Furthermore, tNGS successfully identified 7 AMR genes, expanding its potential utility beyond pathogen identification alone. The clinical relevance of this information is supported by the updated WHO Bacterial Priority Pathogens List, which continues to highlight methicillin-resistant
Staphylococcus aureus, carbapenem-resistant Gram-negative organisms, and drug-resistant Mycobacterium tuberculosis as major public health threats (
23). In respiratory infection, early recognition of resistance-associated genetic markers may help clinicians anticipate therapeutic challenges before culture-based susceptibility results are available, especially in patients with prior antimicrobial exposure, culture-negative results, or suspected infection caused by multidrug-resistant organisms.

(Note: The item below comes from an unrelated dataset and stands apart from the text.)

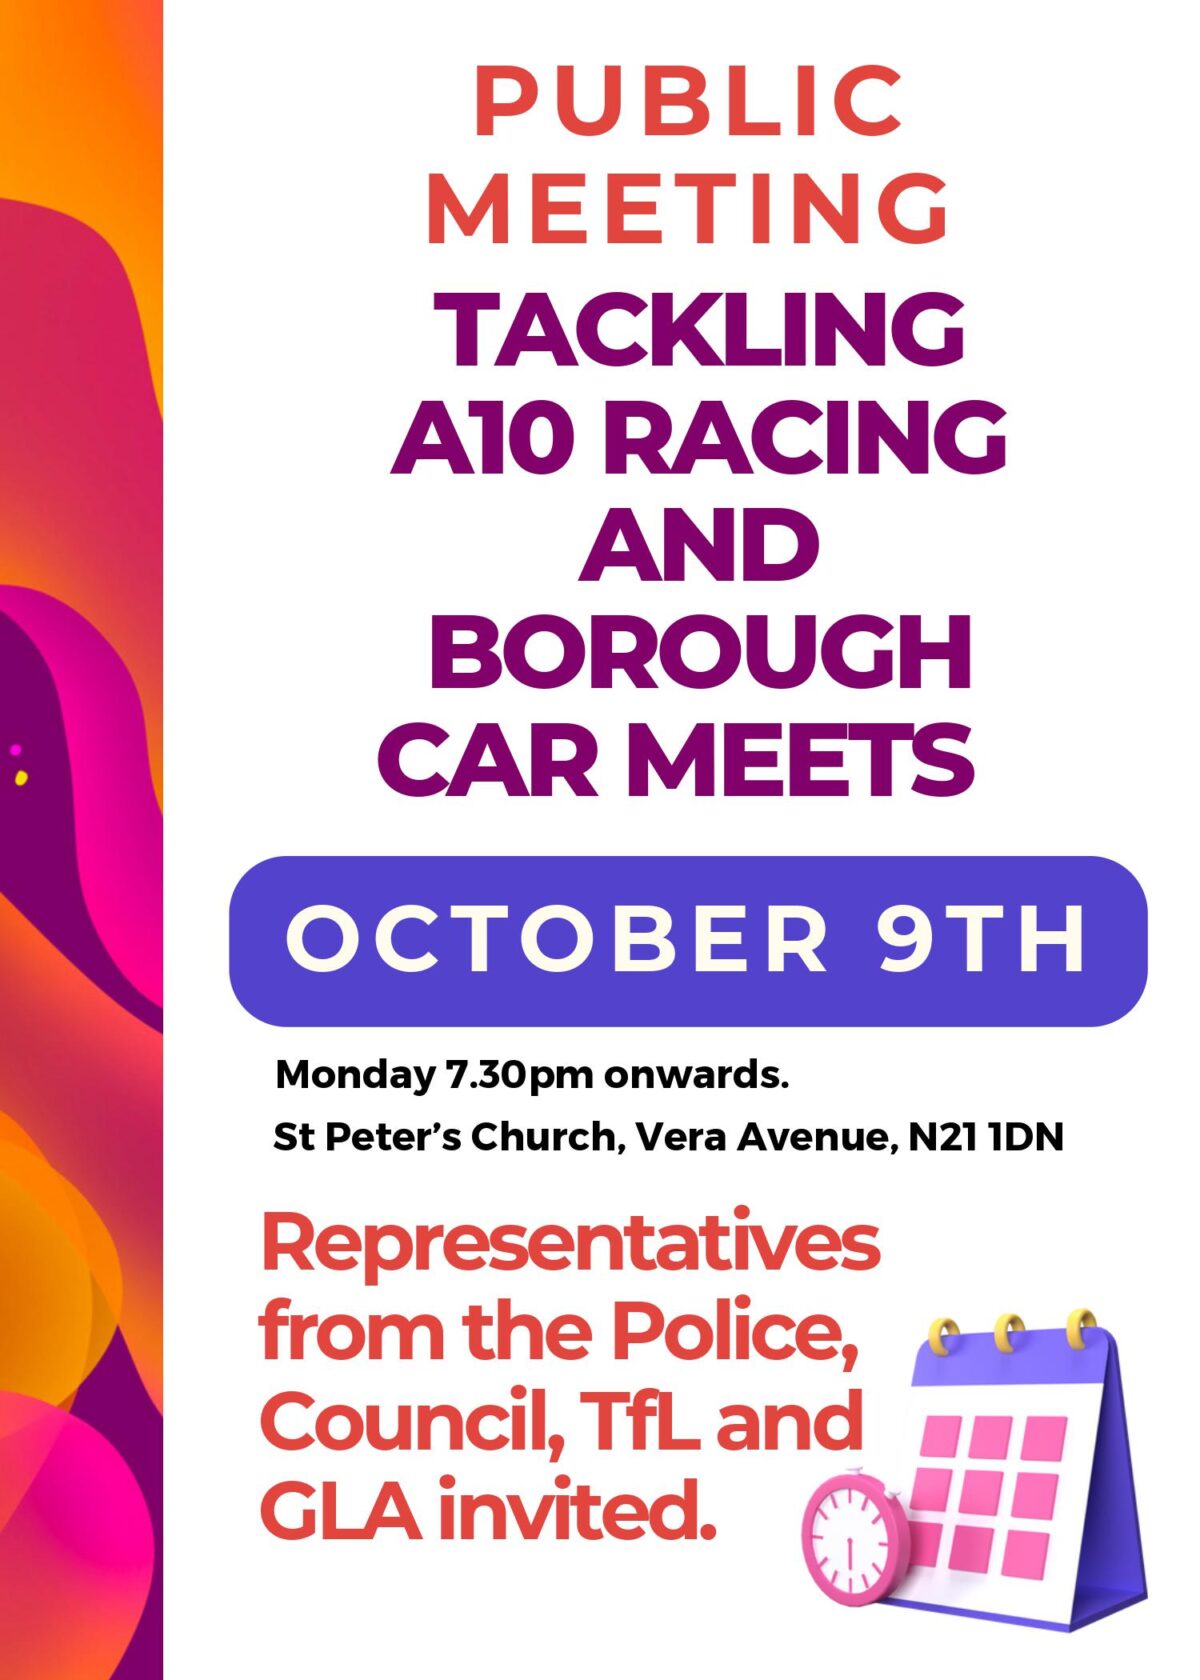 Public Meeting Tackling A10 Racing and Borough Car Meets, Monday 9 October @7.30pm St Peters Church, Vera Avenue
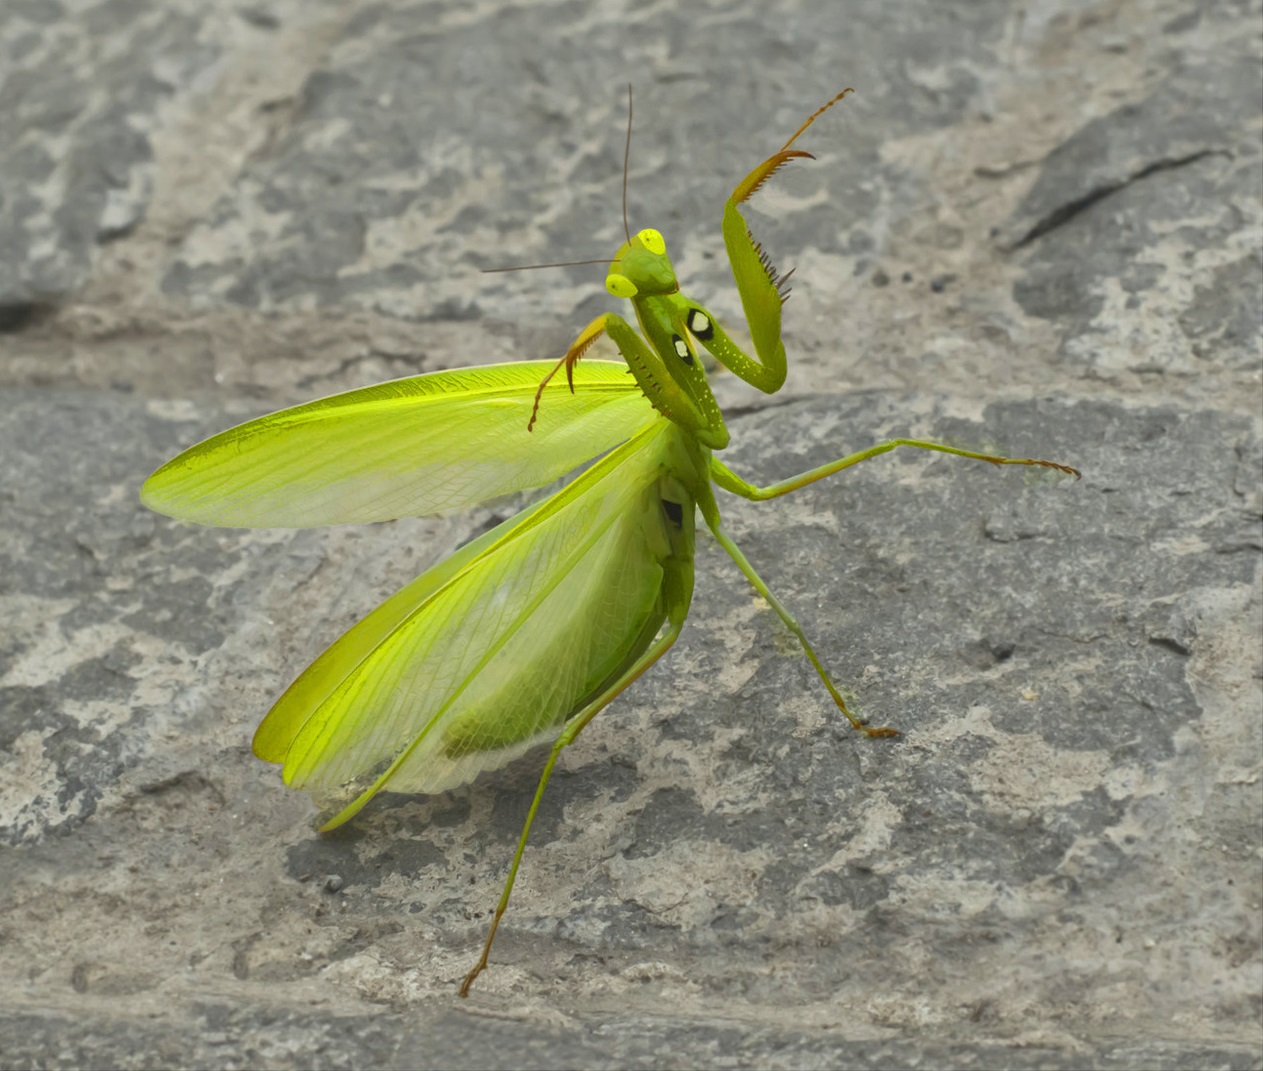 Mantis ordinaria, o mantis religiosa (lat. Mantis religiosa)

In this study, the detection of genes such as blaOXA-23, blaSHV, blaCTX-M, blaIMP, mecA, ermB, and ermC provided additional genotypic information that complemented pathogen identification and may support earlier risk assessment for antimicrobial resistance. Nevertheless, these findings should be interpreted cautiously. Sequencing-based AMR gene detection provides preliminary genotypic evidence rather than definitive phenotypic susceptibility results, and gene-phenotype discordance, incomplete panel coverage, and uncertain gene attribution in polymicrobial specimens may limit its direct clinical application. Therefore, tNGS-based AMR gene detection should be used as an adjunct to, rather than a replacement for, culture-based isolation and phenotypic antimicrobial susceptibility testing when viable pathogens are recovered. This interpretation is consistent with recent studies highlighting the utility of sequencing-based methods for pneumonia pathogen characterization, atypical pathogen detection, and resistance-gene interpretation (
24-
27).
This study has several limitations. First, the retrospective, single-center design and relatively small sample size may limit the generalizability of the findings. Second, the predominance of BALF specimens (89.34%) restricts our ability to extrapolate these performance metrics to sputum samples. Third, no independent composite clinical reference standard was available to adjudicate discordant results between tNGS and conventional microbiological methods. Therefore, some tNGS-positive/conventional-negative detections could not be definitively classified as causative infection, colonization, or background signals. Finally, although clinical outcome data, including length of hospital stay, discharge outcome, in-hospital mortality, and documented restricted antimicrobial agent exposure, were supplemented in the present study, the downstream clinical impact of tNGS was not systematically assessed. In particular, the retrospective design precluded reliable evaluation of whether antimicrobial regimens were modified directly according to tNGS findings. Therefore, the association between tNGS-guided antimicrobial management and patient outcomes requires further validation in prospective studies.
5.1. Conclusions
In conclusion, tNGS provides a rapid, high-yield diagnostic adjunct to conventional microbiological methods, offering broader pathogen coverage and early genotypic resistance profiling. When thoughtfully integrated with clinical judgment and conventional culture, tNGS has the potential to refine the etiological diagnosis and management of complex pulmonary infections.